Capital on the island belonged to the a small group of upper class, commissioning projects such as the Bagatalle House in Cinnamon Gardens and the Lakshmigiri house. These houses were not only big in its footprint, but heavily referenced colonial bungalows back in the United Kingdom. The rest of the island it seems comprised of dwellings in the form of the basic de Soysa Walawwa, a large residence that was made simply, comprising of a courtyard and a verandah. These were simple structures that were inexpensive to build and inhabit. (Pieris, 2017)

Capital Brackets: Architectural Archetypes

Today on the island there seems to be the emergence of various sources of capital when translated into built form, there seems to be four predominant archetypes.
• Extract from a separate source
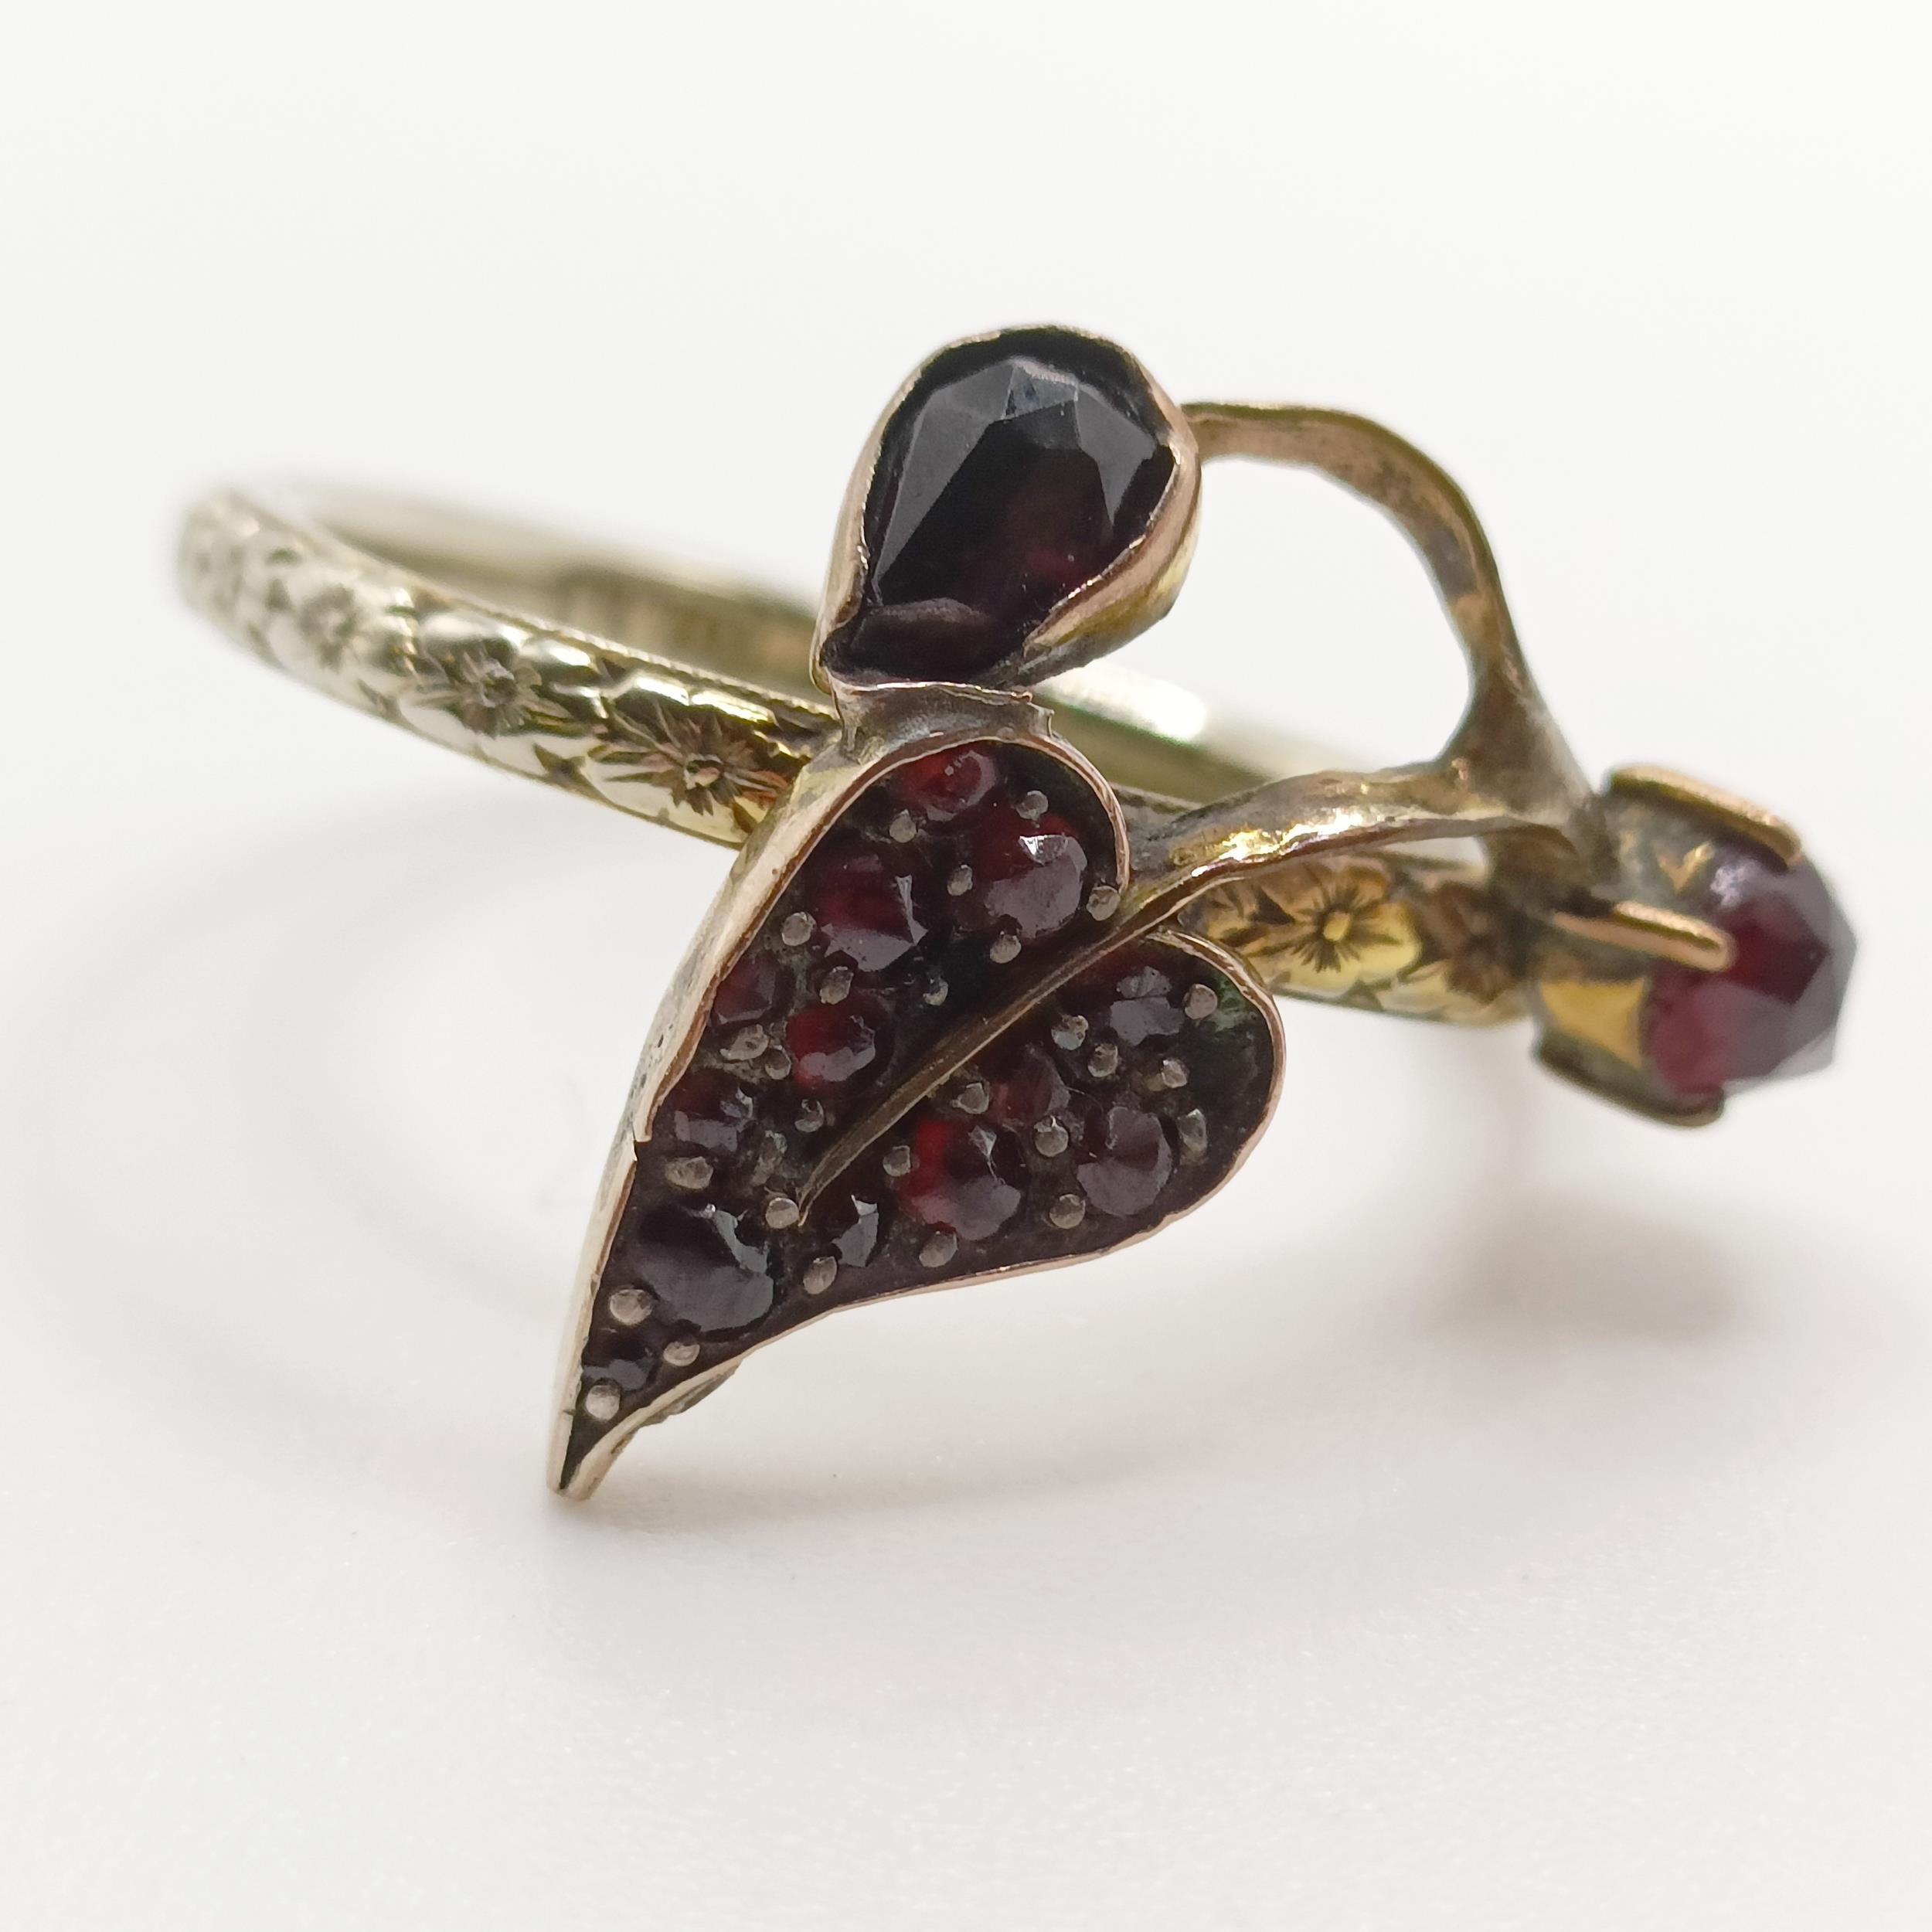 A platinum wedding band, ring size K, and a 18ct gold wedding band, with a garnet mount added, - Image 3 of 7

Expediency driven, profit driven, state driven and affluence driven types. (Pathiraja, 2018) These four archetypes have been well established since the island state gained independence from its colonial masters.Today, however, we begin to see the emergence of a new archetype, one that is originates from the Chinese. With projects across the island, as far up as Jaffna, suspiciously close to India, the Chinese are coming in a big way.

The Chinese are Coming

The relationship between the Chinese and Sri Lankans is not a uniquely new one, but one that has been crafted over the years. Curiously, the relationship between the two date back to early 14th century, through the military figure of Zheng He when he had first interfered with the civil war of that time between the Kingdom of Kotte and Jaffna.

In modern times, through the years, the capital brought forth from the Chinese have come in the form of both grants and loans for a variety of purposes. As of 2012, China was Sri Lanka’s largest bilateral (country to country) creditor, displacing Japan. Since 1997, the island state has borrowed around USD2.96 billion from China. Interest ballooning however, has led to accrued debt of USD4.9 billion which have to be repaid on average within 12 years from borrowing. More recently, two major projects in the country, the Hambantota Port and the Colombo Port City, has left a deepening debt trap. This major dent in the Sri Lanka’s balance sheet, results in a lop-sided dynamic in Chinese-Sri Lankan relations.

Yet, the plot seems to thicken. Historical materialism, it seems, trumps everything: “there is no power on earth that can stand in the way of intrinsic material forces.” This is indeed the case with our Sri Lankan and Chinese friends. Over the years, the Chinese have gifted Sri Lanka with many things. Public buildings, grants for infrastructure, armament aid for civil conflict just to name a few. The Chinese foreign policy in diplomacy is a long and patient strategy, it could be akin to a Bonsai Tree. In Planting a Bonsai Tree of sorts, the BMICH, a conference hall for the memory of the fourth prime minister of Sri Lanka, was a gift from the Chinese and built in the 1970s with a combined labour force from China and Sri Lanka.

40 years on, the building has served multifaceted role in cultural production between Sri lanka and China - from conferences, shared events, cultural exchanges. The building, in many ways, perfectly captures the dynamic between Sri Lanka and China, a friendship that is bounded by capital through the means of built form, and transplanted sino-modernism that employs the use of Chinese building materials and processes.